[[ Given material, beginning ]]
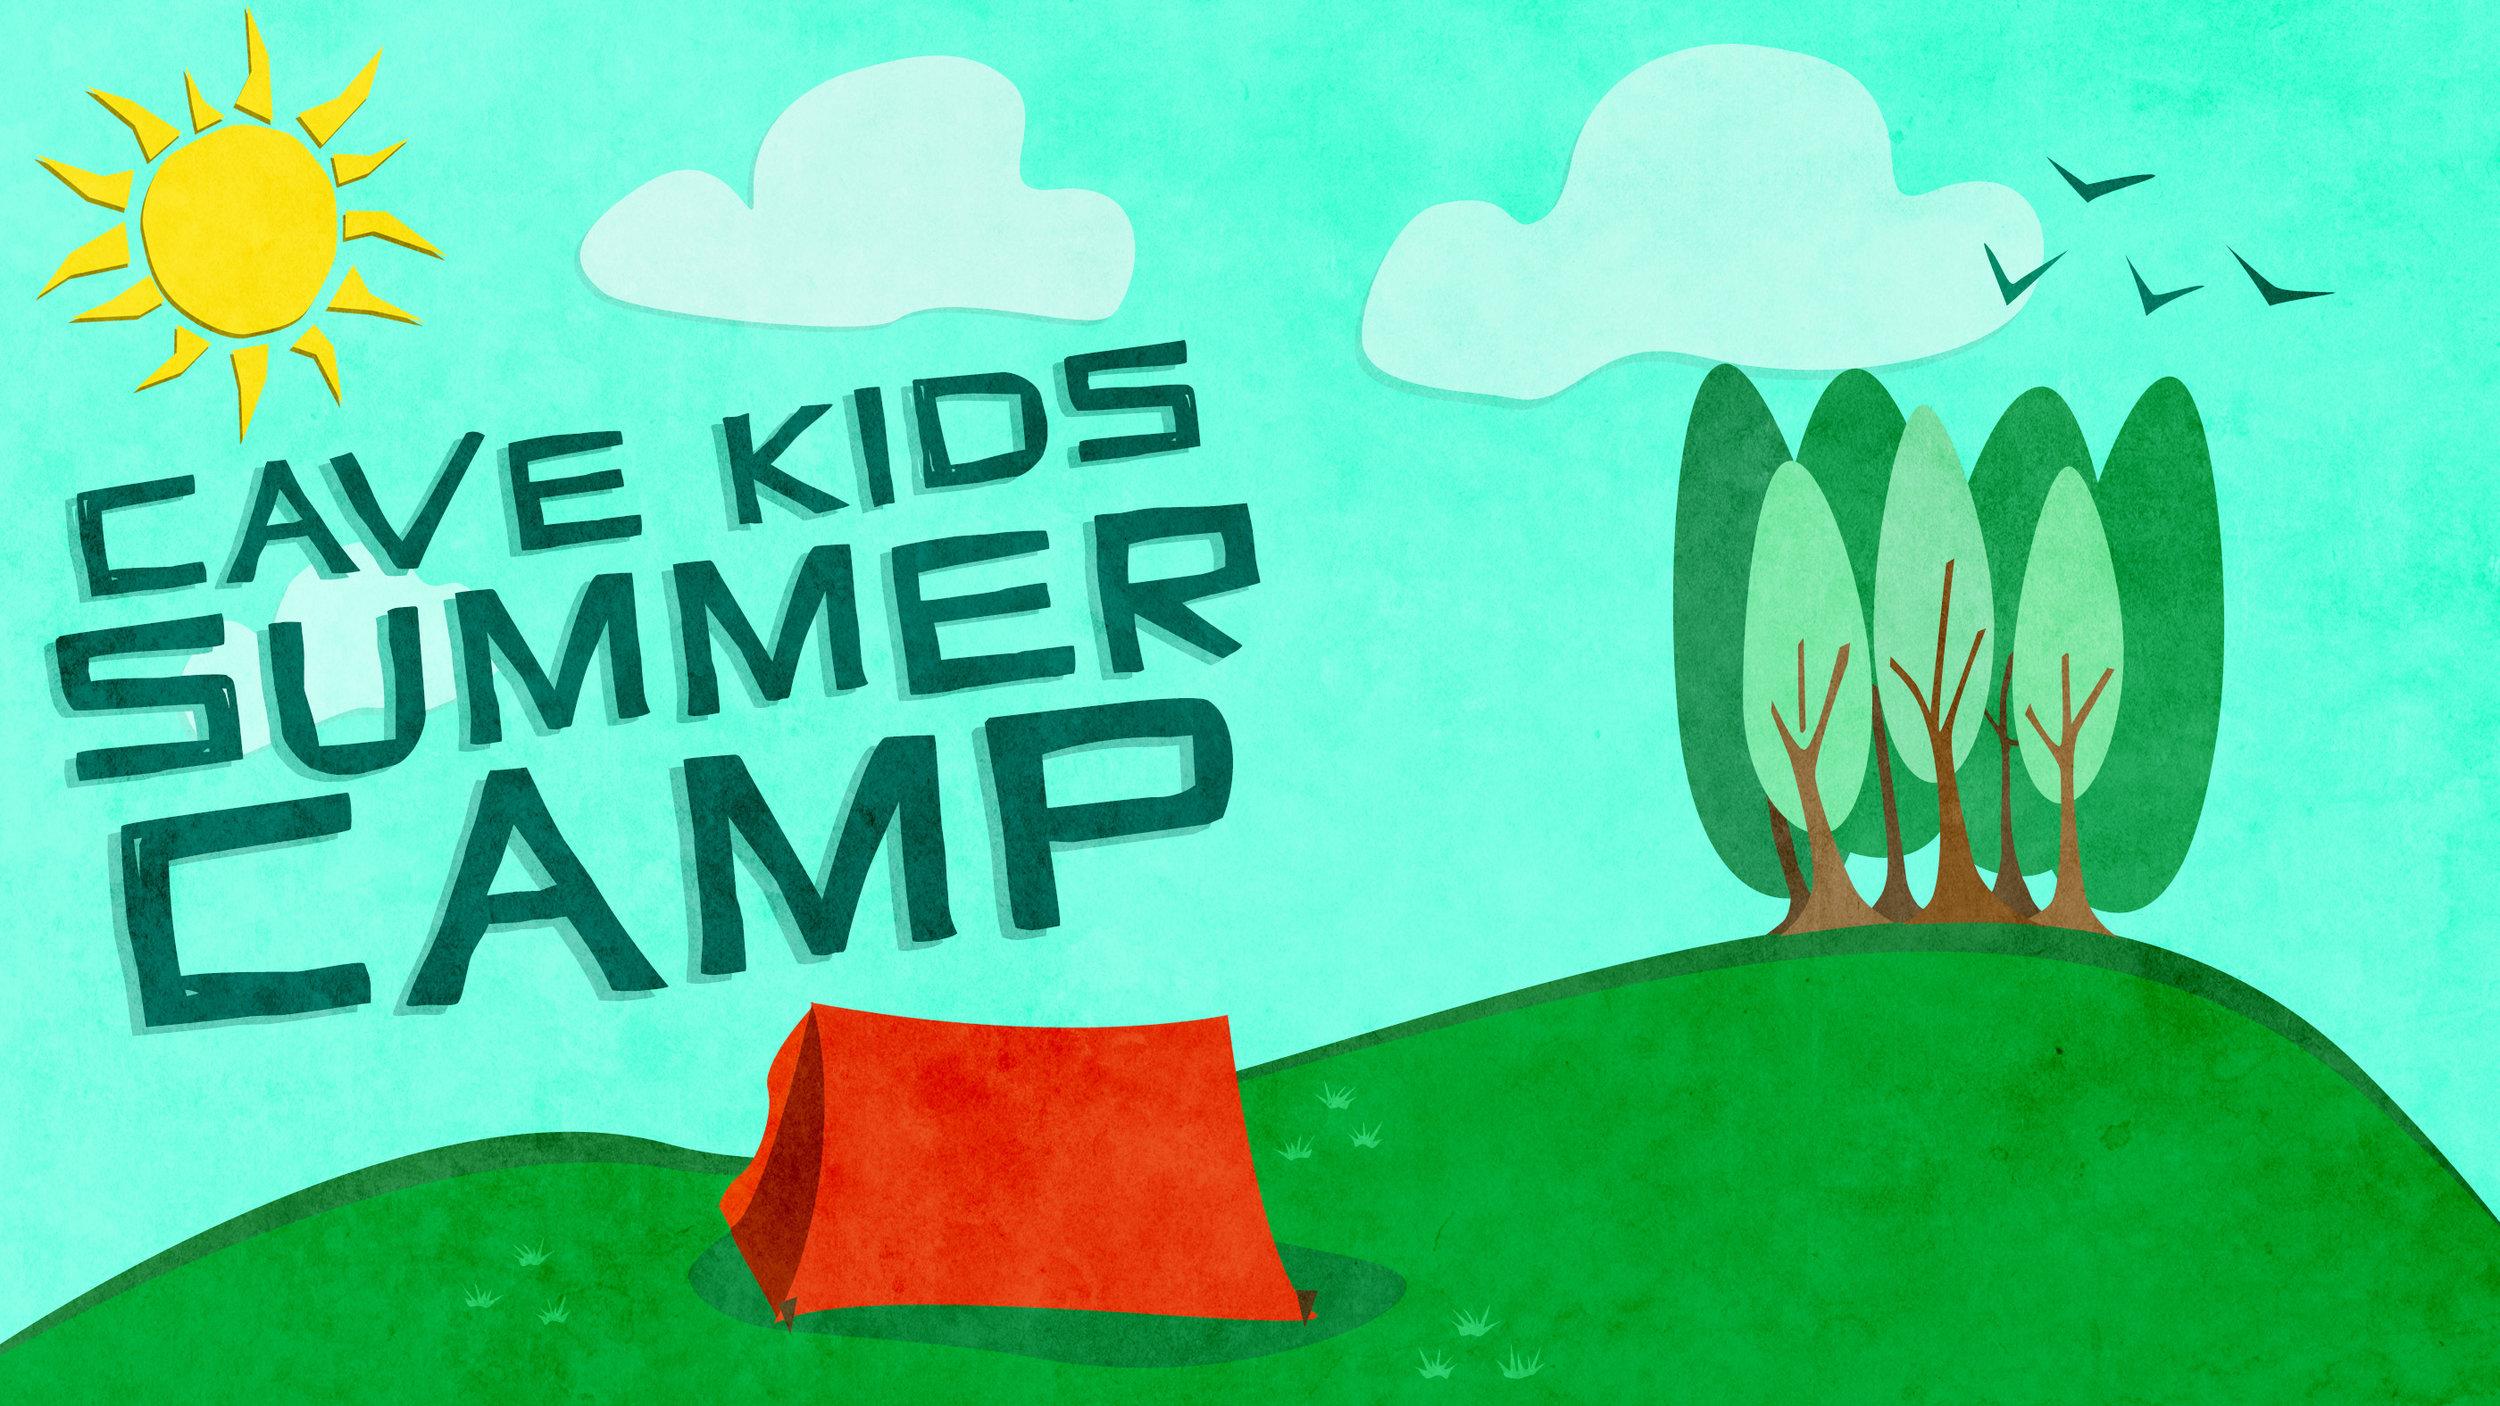 Cave_Kids_Summer_Camp.jpg
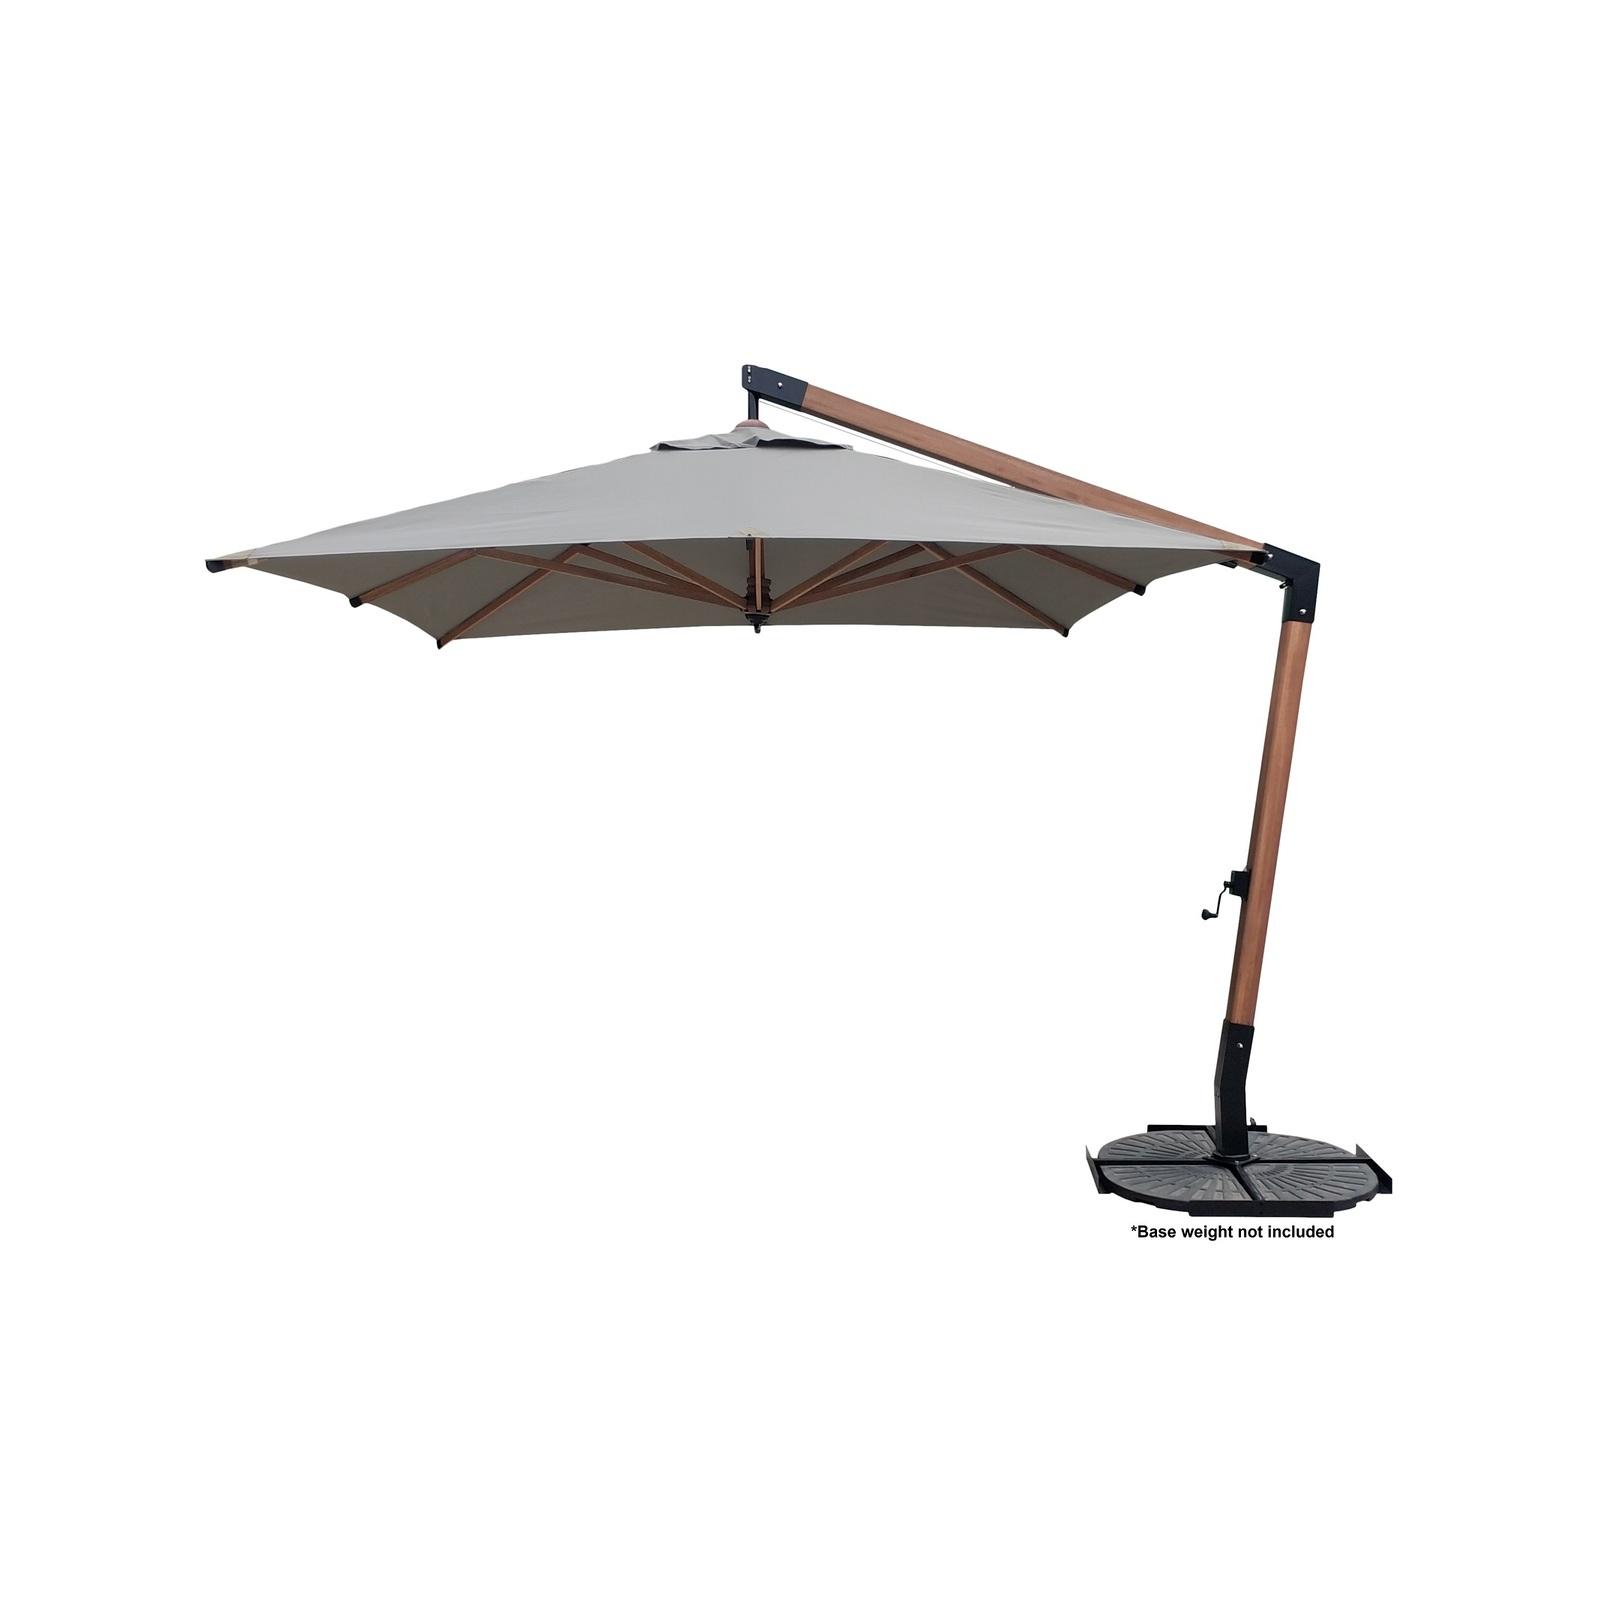 Mimosa 3 x 3m Caymen Wooden Cantilever Umbrella
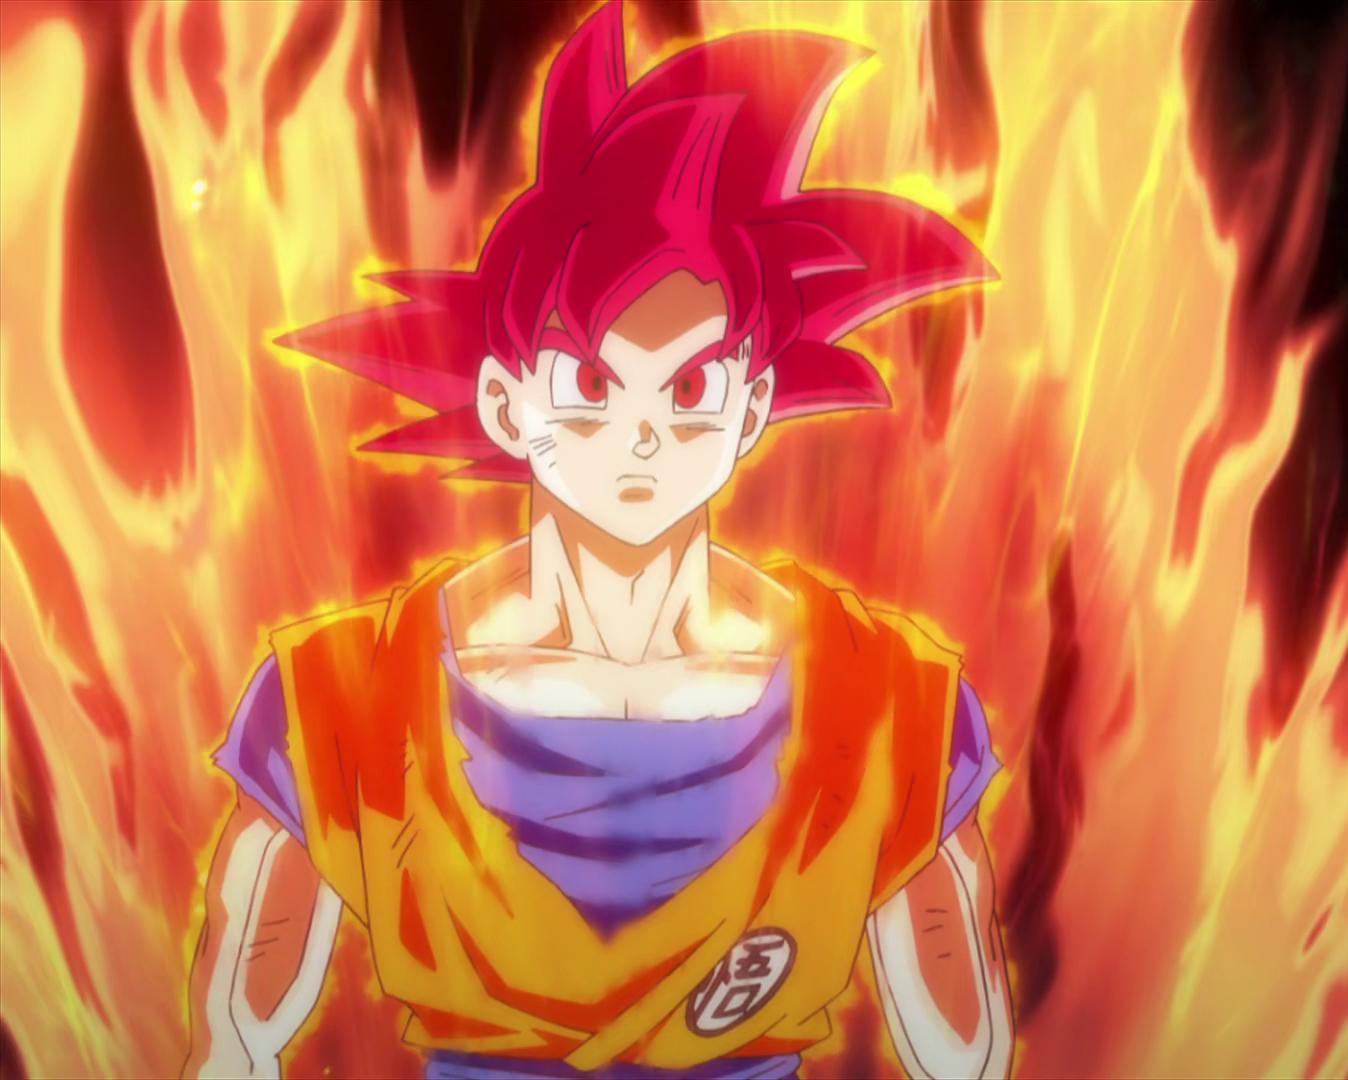 Dibujo De Goku Super Sayayin Dios Fase 5 Pintado Por En: Dragon Universe Wikia
[[ Given material, end ]]
_How to complete this task:_ All of the data above must be printed exactly, minus its pictures.

_Response area:_
 Cave_Kids_Summer_Camp.jpg
 Mimosa 3 x 3m Caymen Wooden Cantilever Umbrella
 Dibujo De Goku Super Sayayin Dios Fase 5 Pintado Por En: Dragon Universe Wikia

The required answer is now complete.